On October 12, 2022, the SEC adopted amendments to the electronic recordkeeping, prompt production of records, and third-party recordkeeping service requirements that are applicable to broker-dealers. The broker-dealer compliance date for the new requirements is six months after the date of the publication of the adopting release in the Federal Register. 

Some key highlights of the amendments to Rule 17a-4:

  • Adds an audit-trail as an alternative to the existing WORM requirement for electronic recordkeeping systems.
    • Under the audit-trail alternative, a broker-dealer will need to use an electronic recordkeeping system that maintains and preserves electronic records in a manner that permits the recreation of an original record if it is modified or deleted.
    • Electronic regulatory records may be preserved using an electronic record keeping system that meets either the audit-trail or the WORM requirement.
  • Adds an option for a designated executive officer (DEO) of the firm to make the required undertakings instead of a designated third party (D3P) when using an electronic recordkeeping system.
    • DEO must be a member of the broker-dealer’s senior management.
    • Subject to the organization’s reporting structure, DEO can designate in writing a limited number of other broker-dealer employees who have the knowledge, credentials, and information necessary to access and provide the records.
  • Adds an alternative undertaking for third parties who hold electronic regulatory records for the broker-dealer (e.g., cloud service provider) in lieu of the traditional undertaking under 17a-4(i).
    • Records must be preserved by electronic recordkeeping system as defined in Rule 17a-4(f), utilizing servers or other storage devices that are owned or operated by a third-party (including an affiliate) and the broker-dealer must have independent access to the records.
  • Adds a requirement for electronic recordkeeping systems to be able to produce copies of a record and its audit trial (if applicable) in a reasonably useable electronic format.
    • Such formats would be common and compatible with commonly used systems for accessing and reading electronic records.
  • Eliminates 90-Day DEA notice requirement before employing an electronic recordkeeping system.
  • Designates a broker-dealer’s DEA as a SEC designee for the purposes of the various provisions of the Rule that refer to “representatives and designees of the Commission.”

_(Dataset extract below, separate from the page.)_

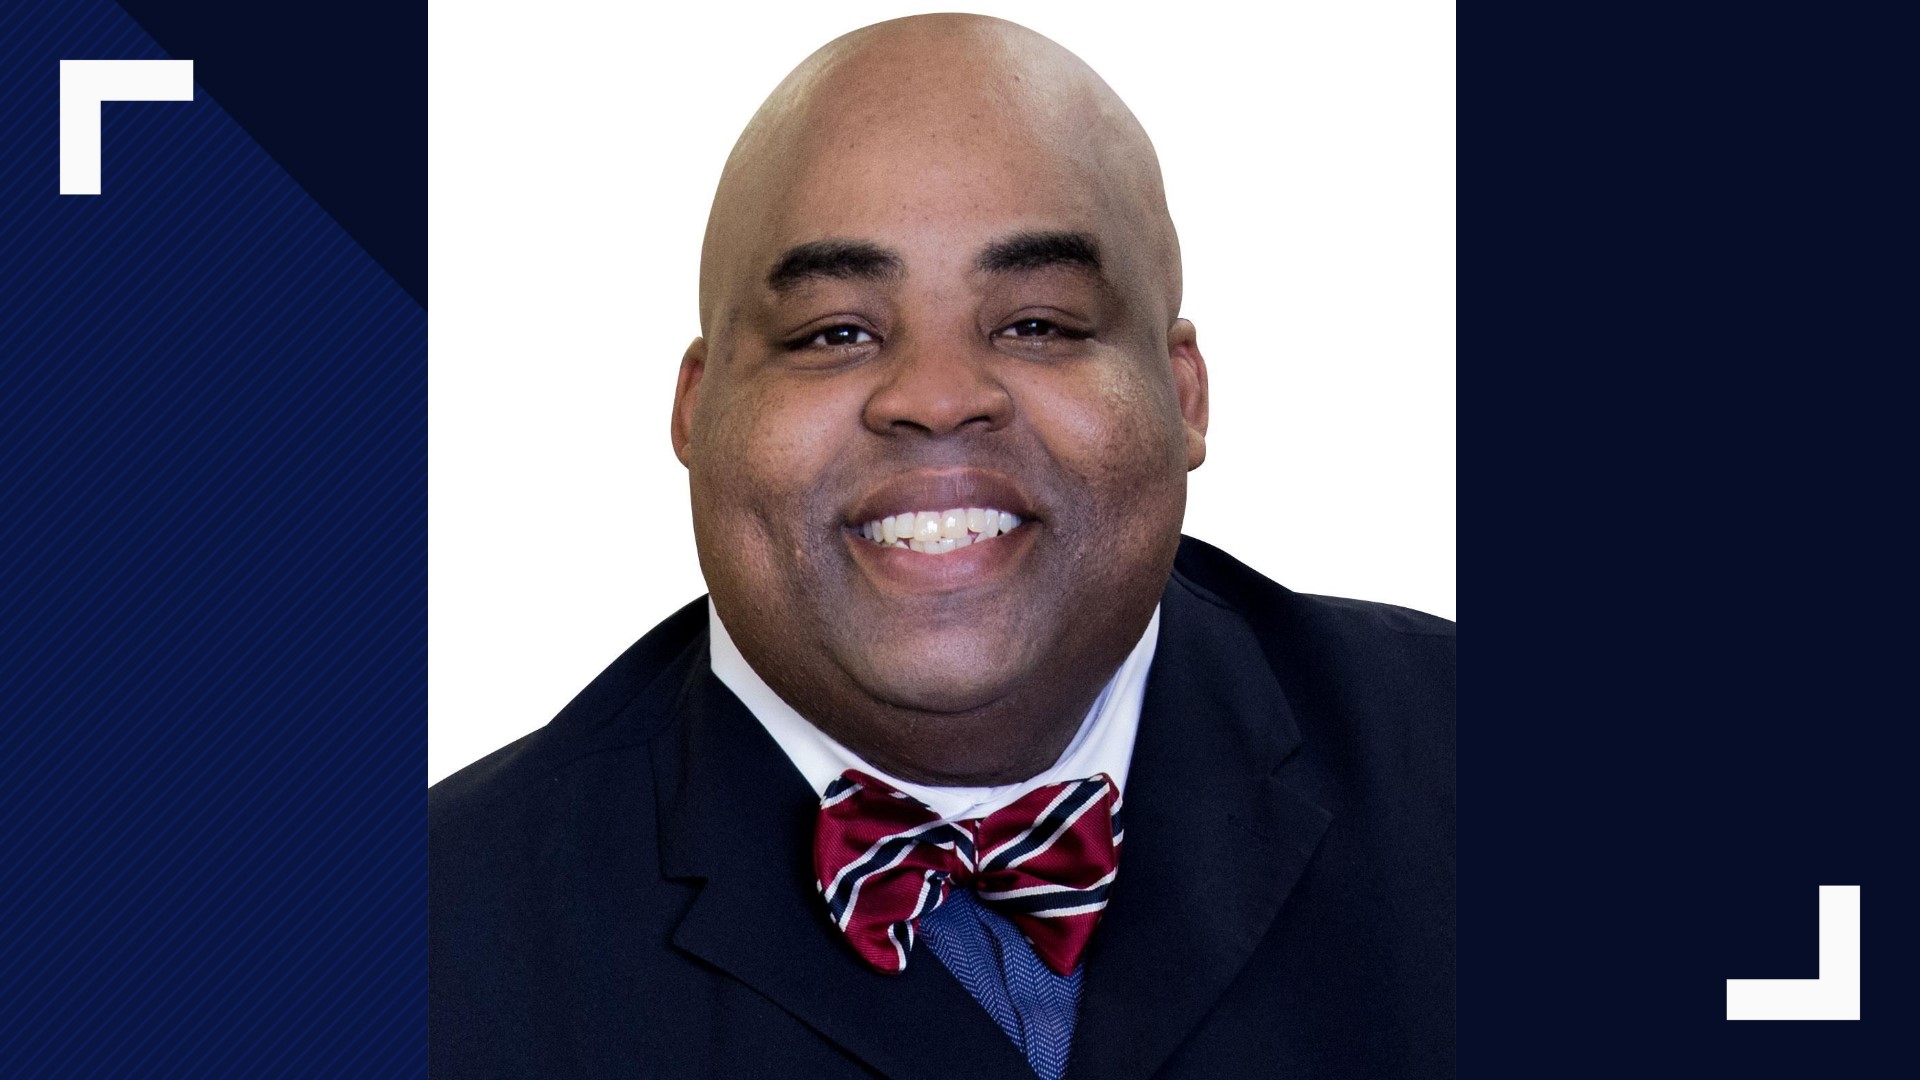 Marlin ISD is on the verge of closing, according to City Manager Cedric Davis. A charter school is a possible option and a consultant would be needed.

Important things for broker-dealers to note moving forward:

  • Existing WORM-compliant electronic recordkeeping system can continue to be used, but firms will be subject to the requirement to be able to produce a record in both a human readable format and a reasonably useable electronic format.
  • Existing designated third parties can continue to be used, however, updated undertakings will need to be filed with DEA.
  • If cloud storage providers are being used for electronic regulatory records and a traditional undertaking has not already been filed with DEA, firms must either file a traditional or alternative undertaking.

CRC believes that the best approach to regulatory compliance is a proactive one. Staying ahead of the curve by taking note of this rulemaking activity can help ensure that a firm is prepared for a regulatory exam. Rather than scrambling to rectify issues or meet deadlines, a thorough, active compliance program that considers and incorporates regulatory developments is in a better position to satisfy regulators and preserve operations so they can best serve their clients.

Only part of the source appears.